RightNow AI Releases AutoKernel: An Open-Supply Framework That Applies An Autonomous Agent Loop To GPU Kernel Optimization For Arbitrary PyTorch Fashions

Writing quick GPU code is likely one of the most grueling specializations in machine studying engineering. Researchers from RightNow AI wish to automate it solely.

The RightNow AI analysis group has launched AutoKernel, an open-source framework that applies an autonomous LLM agent loop to GPU kernel optimization for arbitrary PyTorch fashions. The method is simple: give it any mannequin earlier than you go to mattress, and get up to quicker Triton kernels — no GPU experience required.

Screenshot 2026 04 06 at 1.19.54 AM 1 — https://arxiv.org/pdf/2603.21331

Why GPU Kernels Are So Arduous to Optimize

A GPU kernel is a operate that runs in parallel throughout 1000’s of GPU cores. Once you run a transformer mannequin like LLaMA or GPT-2, the majority of compute time is spent inside kernels for operations like matrix multiplication (matmul), softmax, layer normalization, and a spotlight. These kernels stay in libraries like cuBLAS and cuDNN, or get generated mechanically by PyTorch’s compilation pipeline.

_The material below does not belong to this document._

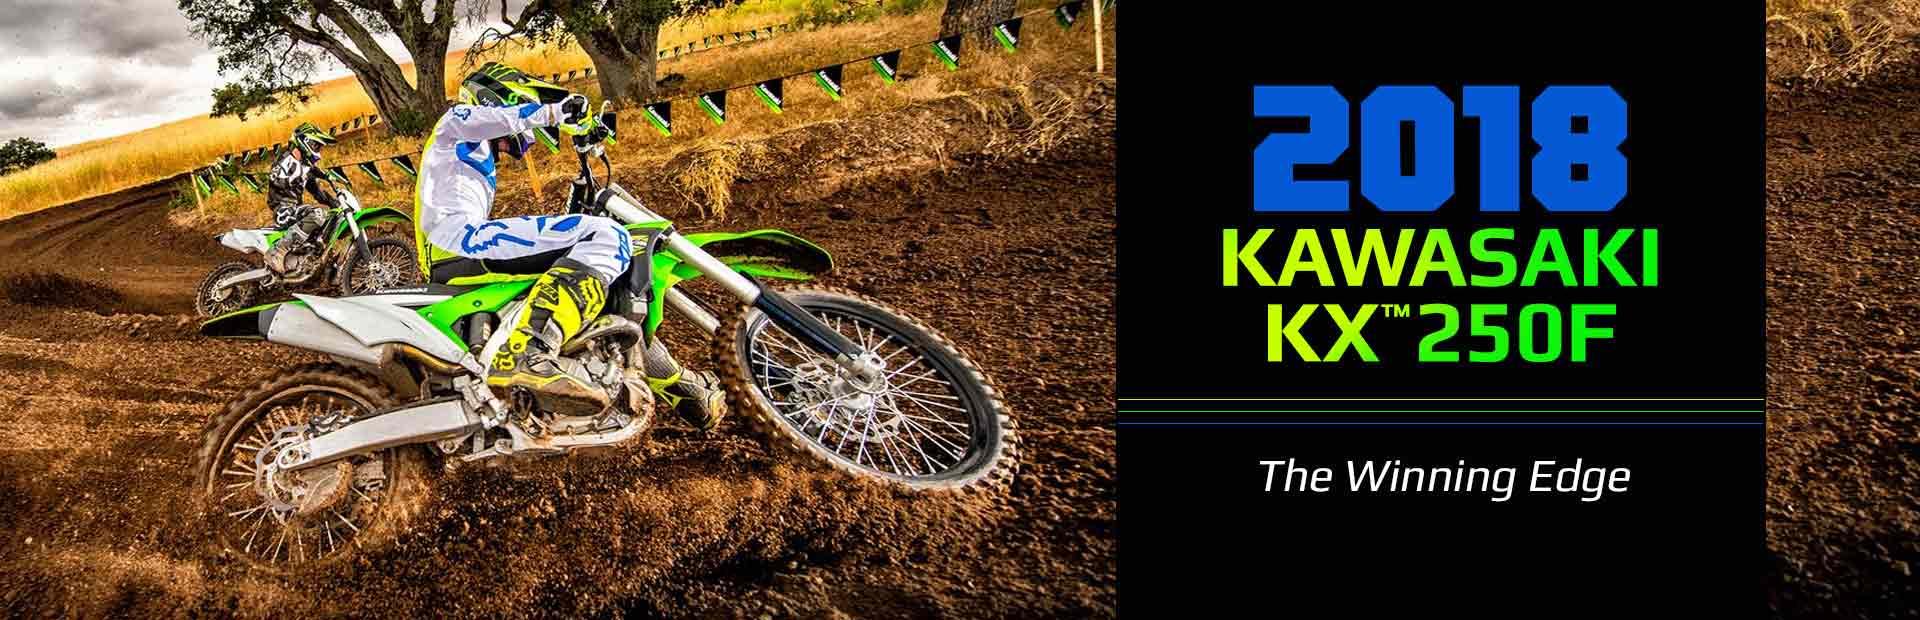 2018 Kawasaki KX™250F: Click here to view the model.

The issue is that squeezing most efficiency out of those kernels requires reasoning concurrently about arithmetic depth, reminiscence coalescing, register stress, tile sizes, warp-level synchronization, and tensor core instruction choice — a mix of abilities that takes years to develop. A single high-performance matmul kernel could contain 200+ traces of CUDA or Triton code with dozens of interdependent parameters. This experience is scarce, and the guide tuning course of scales poorly as mannequin architectures evolve.

The benchmark suite KernelBench, which evaluates frontier LLMs on 250 GPU kernel issues, discovered that even the most effective fashions matched PyTorch baseline efficiency in fewer than 20% of circumstances utilizing one-shot technology. AutoKernel was constructed straight in response to that hole.

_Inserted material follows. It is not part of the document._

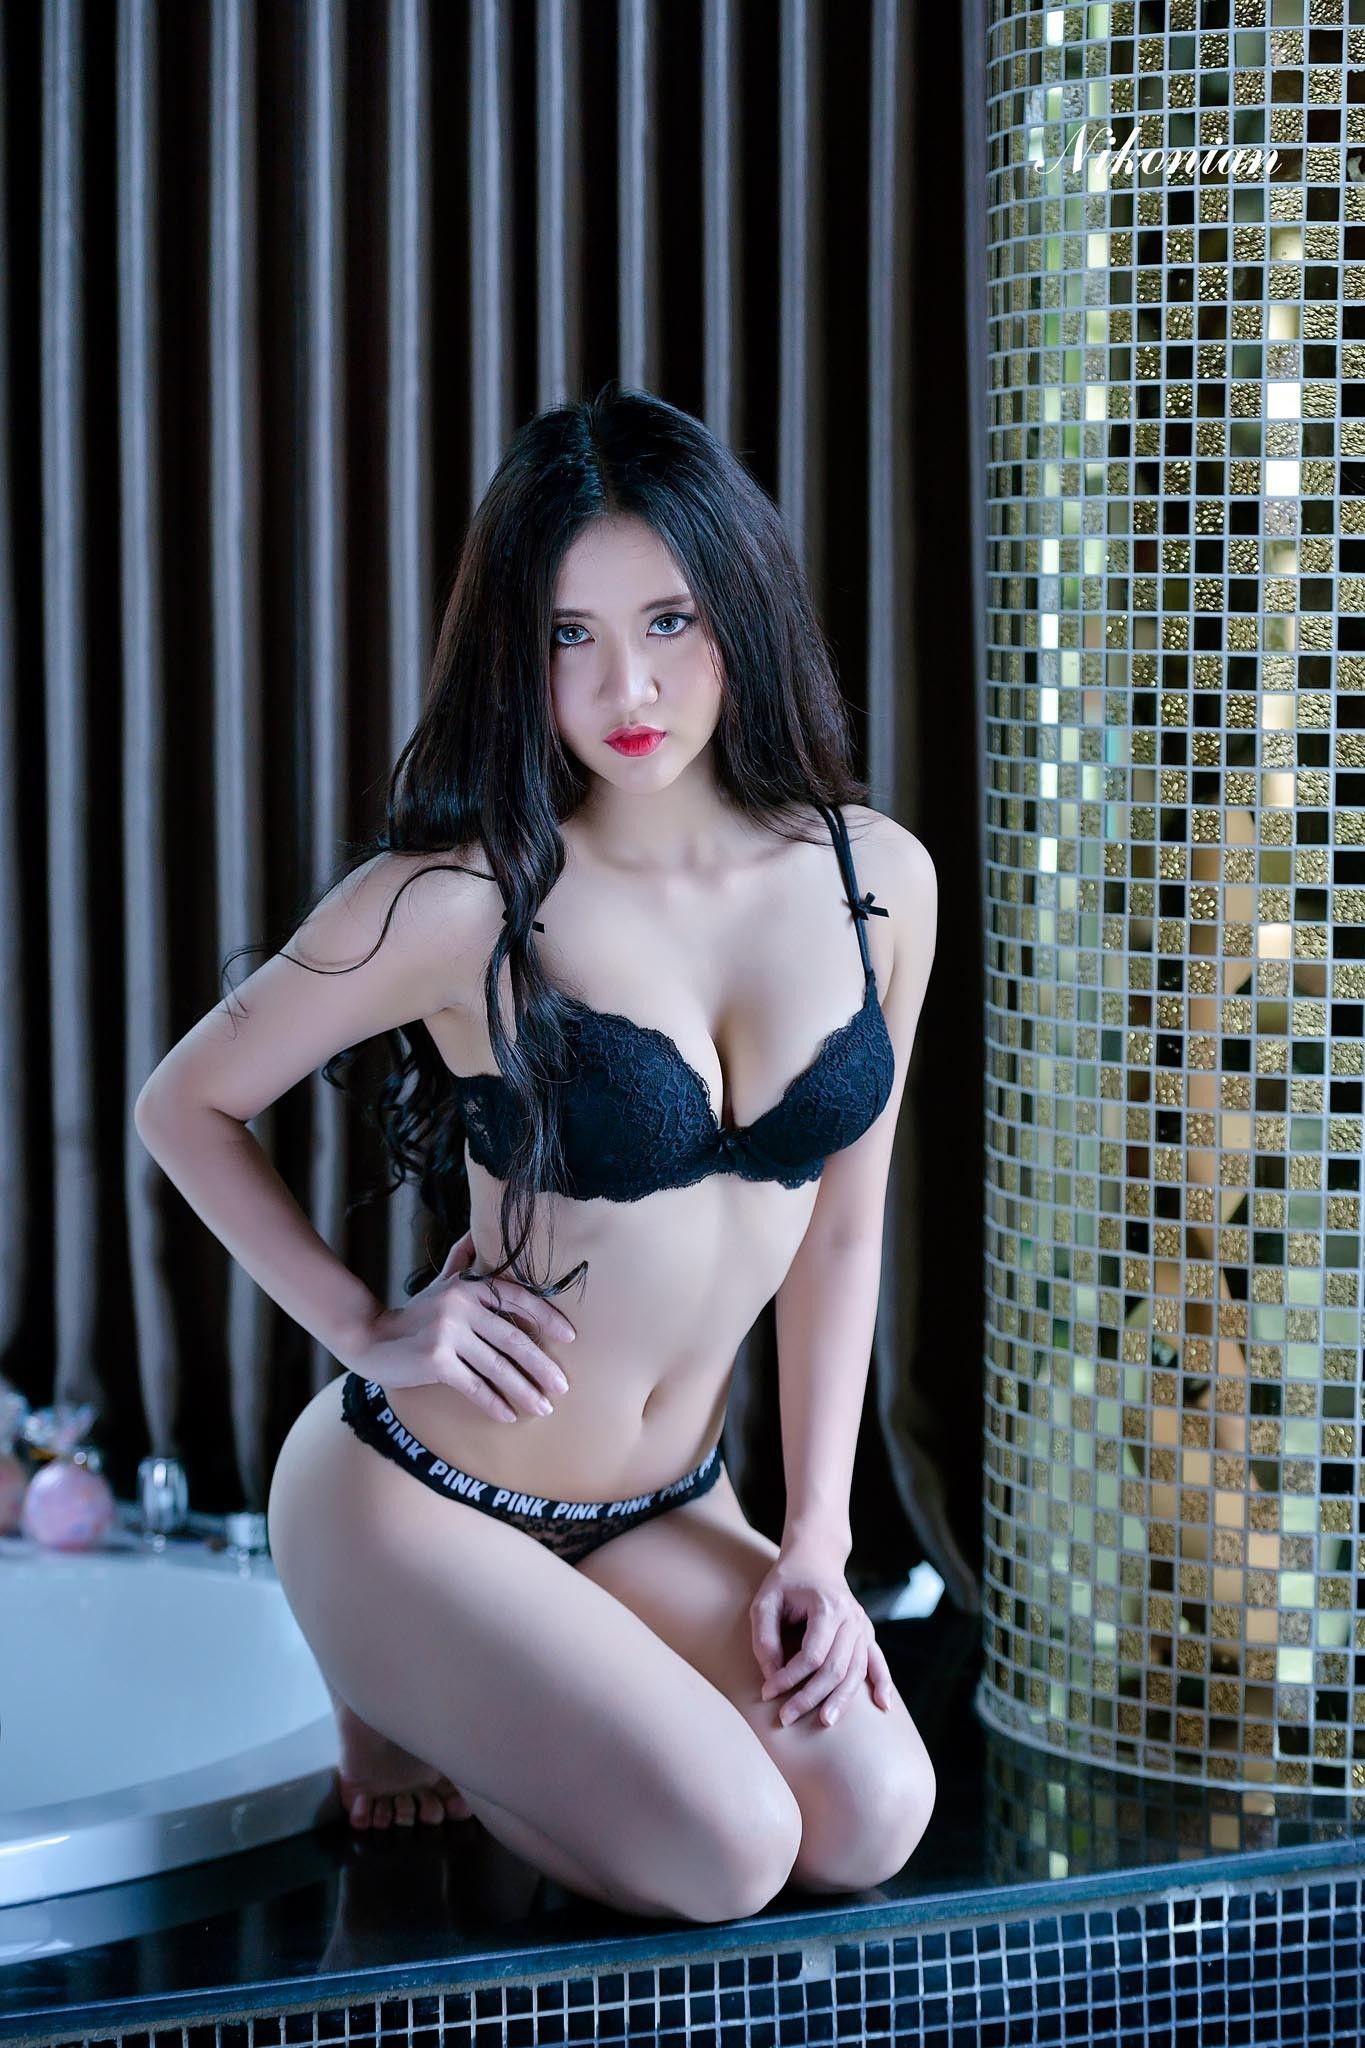 Nude art asia: Vintage Fashion in Asian Woman Magazine

The Loop: Edit, Benchmark, Preserve or Revert

AutoKernel’s core perception is that an knowledgeable kernel engineer’s workflow is itself a easy loop: write a candidate, benchmark it, preserve enhancements, discard regressions, repeat. The framework mechanizes this loop. An LLM agent modifies a single file — kernel.py — a hard and fast benchmark harness verifies correctness and measures throughput, and the outcome determines whether or not the change persists. Crucially, each experiment maps to a git commit. Stored experiments advance the department; reverted experiments are erased cleanly with git reset. The complete historical past is browsable with customary git instruments, and experiment outcomes are logged to a plain tab-separated outcomes.tsv file — dependency-free, human-readable, and trivially parseable by the agent.

Every iteration takes roughly 90 seconds — 30 seconds for correctness checking, 30 seconds for efficiency benchmarking through Triton’s do_bench, and 30 seconds for agent reasoning and code modification. At roughly 40 experiments per hour, an in a single day 10-hour run yields 300 to 400 experiments throughout a number of kernels.

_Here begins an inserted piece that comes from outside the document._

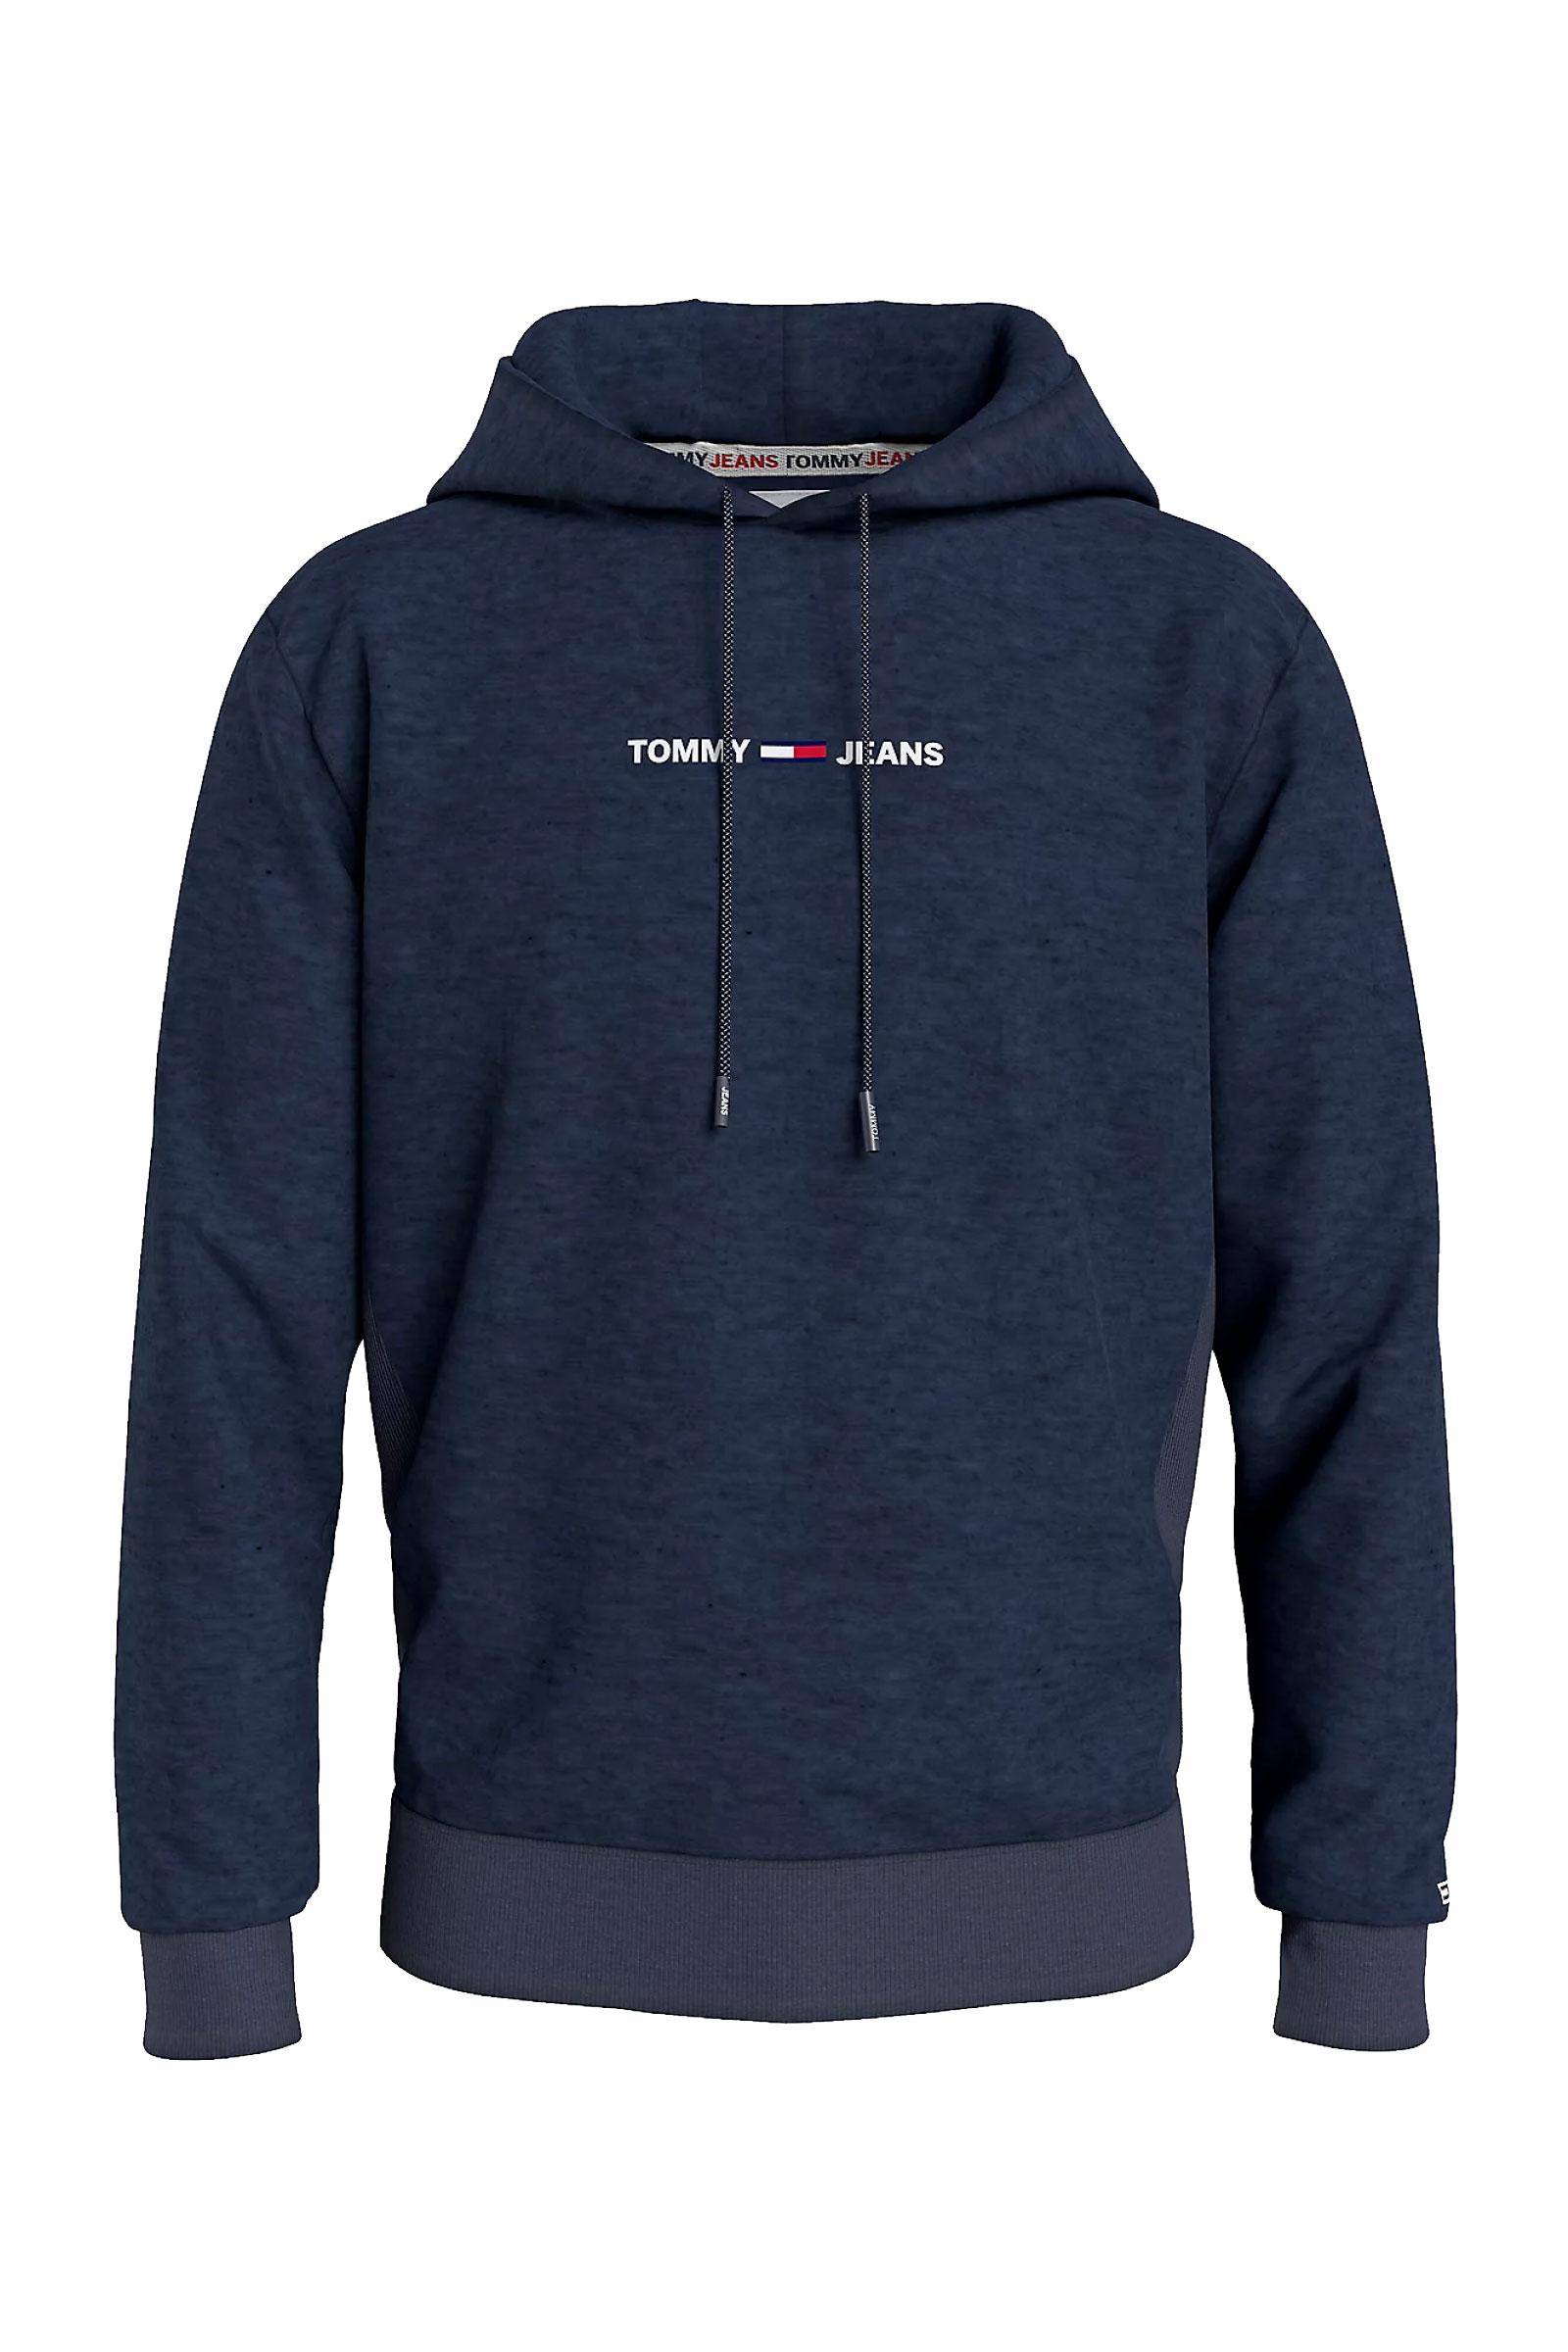 TOMMY JEANS   Sweatshirt   DM0DM11632C87

This design attracts straight from Andrej Karpathy’s autoresearch challenge, which demonstrated that an AI agent operating a preserve/revert loop on LLM coaching code may uncover 20 optimizations throughout 700 experiments in two days on a single GPU. AutoKernel transplants this loop to kernel code, with a special search house and a correctness-gated benchmark because the analysis operate as a substitute of validation loss.

The agent reads a 909-line instruction doc referred to as program.md, which encodes knowledgeable information right into a six-tier optimization playbook. The tiers progress from block measurement tuning (sweeping tile dimensions via powers of two, adjusting num_warps and num_stages) via reminiscence entry patterns (coalesced masses, software program prefetching, L2 swizzling), compute optimizations (TF32 accumulation, epilogue fusion), superior methods (split-Okay, persistent kernels, Triton autotune, warp specialization), architecture-specific methods (TMA on Hopper, cp.async on Ampere, adjusted sizes for L4/RTX), and at last kernel-specific algorithms like on-line softmax for consideration and Welford’s algorithm for normalization. The instruction doc is deliberately complete so the agent can run 10+ hours with out getting caught.

Screenshot 2026 04 06 at 1.19.08 AM 1 — https://arxiv.org/pdf/2603.21331

Profiling First, Optimizing The place It Issues

Not like prior work that treats kernel issues in isolation, AutoKernel begins from an entire PyTorch mannequin. It makes use of torch.profiler with form recording to seize per-kernel GPU time, then ranks optimization targets utilizing Amdahl’s legislation — the mathematical precept that the general speedup you possibly can obtain is bounded by how a lot of the whole runtime that element represents. A 1.5× speedup on a kernel consuming 60% of whole runtime yields a 1.25× end-to-end achieve. The identical speedup on a kernel consuming 5% of runtime yields only one.03×.

The profiler detects GPU {hardware} from a database of recognized specs masking each NVIDIA (H100, A100, L40S, L4, A10, RTX 4090/4080/3090/3080) and AMD (MI300X, MI325X, MI350X, MI355X) accelerators. For unknown GPUs, it estimates peak FP16 throughput from SM rely, clock fee, and compute functionality — making the system usable throughout a wider vary of {hardware} than simply the newest NVIDIA choices.

The orchestrator (orchestrate.py) transitions from one kernel to the following when any of 4 circumstances are met: 5 consecutive reverts, 90% of GPU peak utilization reached, a two-hour elapsed time price range, or a 2× speedup already achieved on that kernel. This prevents the agent from spending extreme time on kernels with diminishing returns whereas higher-impact targets wait.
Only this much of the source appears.